El tumor glioneuronal formador de rosetas (TGFR) del cuarto ventrículo es un tumor infrecuente que ha sido recientemente caracterizado. Fue incluido como una nueva neoplasia glioneural en el año 2007 por la Organización Mundial de la Salud (OMS) en la clasificación de tumores del sistema nervioso central. Dentro de este grupo hemos encontrado 34 casos documentados. En este artículo presentamos un nuevo caso de TGFR del cuarto ventrículo con hemorragia intratumoral postraumática y revisamos la literatura existente de esta nueva entidad.

Caso clínico

Paciente de 30 años que tras sufrir traumatismo craneoencefálico leve presentó cefalea, diplopía y ataxia. Los estudios de tomografía computarizada y resonancia magnética cerebral revelaron una tumoración a nivel del cuarto ventrículo con sangrado intralesional y áreas de calcificación. La paciente fue intervenida realizándose extirpación tumoral macroscópicamente completa. El estudio anatomopatológico mostró un tumor glioneuronal formador de rosetas del cuarto ventrículo.

Conclusiones

Los TGFR del cuarto ventrículo son raros y afectan a adultos jóvenes. La evidencia demuestra que el pronóstico suele ser favorable, pero existe la posibilidad de progresión y recidiva. La hemorragia intratumoral es una forma de presentación muy poco habitual que implica riesgo para la vida del paciente. La resección quirúrgica debe ser cuidadosa debido a la localización de estas lesiones y su extensión hacia zonas críticas. Todos los pacientes, independientemente del grado de resección logrado, precisan un seguimiento a largo plazo por el riesgo de recidiva tardía.

Palabras clave:
Tumor glioneuronal formador de rosetas
Cuarto ventrículo
Hemorragia intratumoral
Summary
Introduction

Rosette-forming glioneuronal tumor (RGNT) of the fourth ventricle is a rare tumor that has been recently characterized. RGNT was included as a new glioneuronal tumor in 2007 by the World Health Organization (WHO) in classification of tumors of the central nervous system. Within this group we found 34 documented cases. We present a new case of RGNT of the fourth ventricle with intratumoral posttraumatic bleeding and review the existing literature of this new entity.

Case report

A 30-year-old patient was admitted after suffering mild traumatic brain injury (TBI) had headache, diplopia and ataxia. Studies of computed tomography and magnetic resonance imaging revealed a tumor at the fourth ventricle with intralesional bleeding and areas of calcification. She was operated performing macroscopically complete tumor resection.
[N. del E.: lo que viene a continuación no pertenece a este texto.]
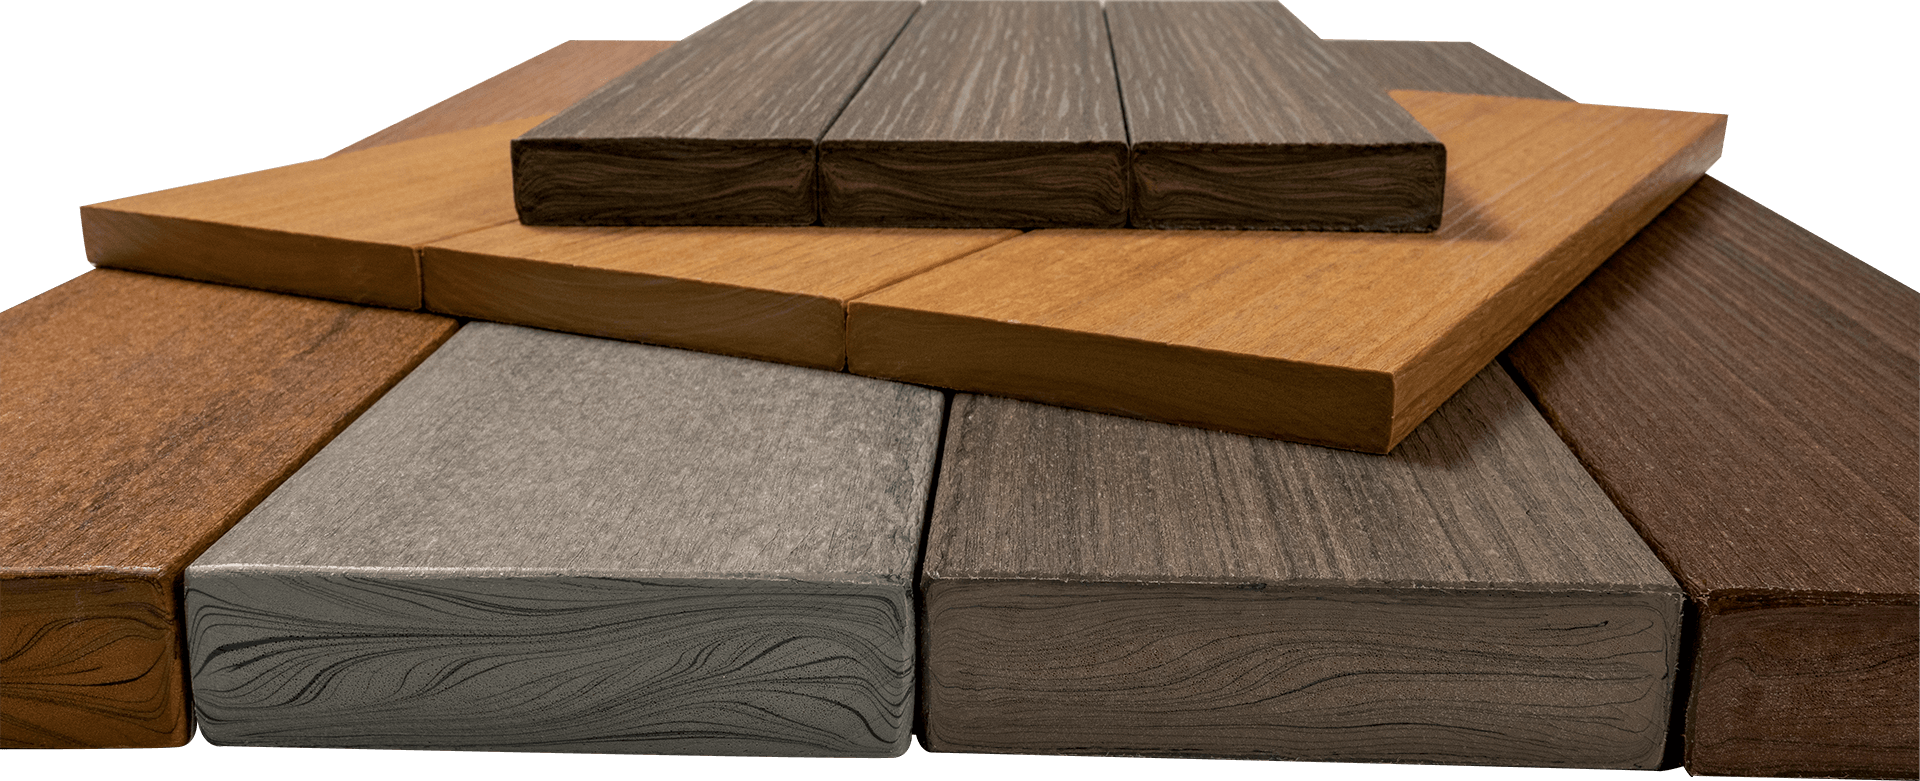 woodgrain poly lumber

Pathologic examination showed a rosette-forming glioneuronal tumor of the fourth ventricle.

Conclusions

The RGNT of the fourth ventricle are rare and affect young adults. The evidence shows that the prognosis is usually favorable but there is the possibility of progression and recurrence. Intratumoral hemorrhage is a very unusual presentation that involves risk to the patient's life. Surgical resection should be careful due to the location of these lesions and their extension into critical areas, all patients regardless of extent of resection achieved require a long-term monitoring of the risk of late relapse.

Keywords:
Rosette-forming glioneuronal tumor
Fourth ventricle
Intratumoral hemorrhage
Texto Completo
Introducción

Los tumores glioneuronales formadores de rosetas (TGFR) del cuarto ventrículo son tumores infrecuentes. Inicialmente fueron conocidos como tumor neuroepitelial disembrioplásico del cerebelo, y sus características principales fueron descritas por Kuchelmeister et al. en 19951. Sin embargo, el TGFR del cuarto ventrículo como tal fue descrito por primera vez en una serie de 11 pacientes por Komori et al.2,3. En la clasificación de la OMS de los tumores del SNC del año 2007 fue considerado como una nueva neoplasia glioneuronal independiente. En cuanto a localización, son tumores que generalmente están en relación con el cuarto ventrículo o el acueducto de Silvio, aunque también se han descrito casos en localizaciones no relacionadas con estas estructuras, como vermis y hemisferios cerebelosos, e incluso a nivel medular4.

En el examen histológico es típica la presencia de rosetas neurocíticas y/o seudorrosetas perivasculares, además del componente glial3. La hemorragia intratumoral representa un episodio raro que puede ocasionar un rápido y severo deterioro neurológico5. El TGFR está considerado como una entidad tumoral de bajo grado de malignidad, aunque el pronóstico a largo plazo aún no está del todo claro. En la revisión de literatura encontramos 34 casos de TGFR del cuarto ventrículo documentados previamente; la búsqueda de información fue a través de Pub Med. Presentamos un nuevo caso de TGFR del cuarto ventrículo con hemorragia intratumoral postraumática y revisamos la literatura de esta entidad.

Caso clínico

Paciente mujer de 30 años, procedente de Rusia, sin antecedentes de interés, que tras sufrir traumatismo craneoencefálico leve en accidente deportivo, comenzó posteriormente con cefalea intensa asociada a vómitos y sensación de inestabilidad, por lo que se practicó una tomografía computarizada (TC) cerebral en otro centro hospitalario, y con el diagnóstico de tumoración en fosa posterior fue remitida a nuestro hospital para valoración y tratamiento.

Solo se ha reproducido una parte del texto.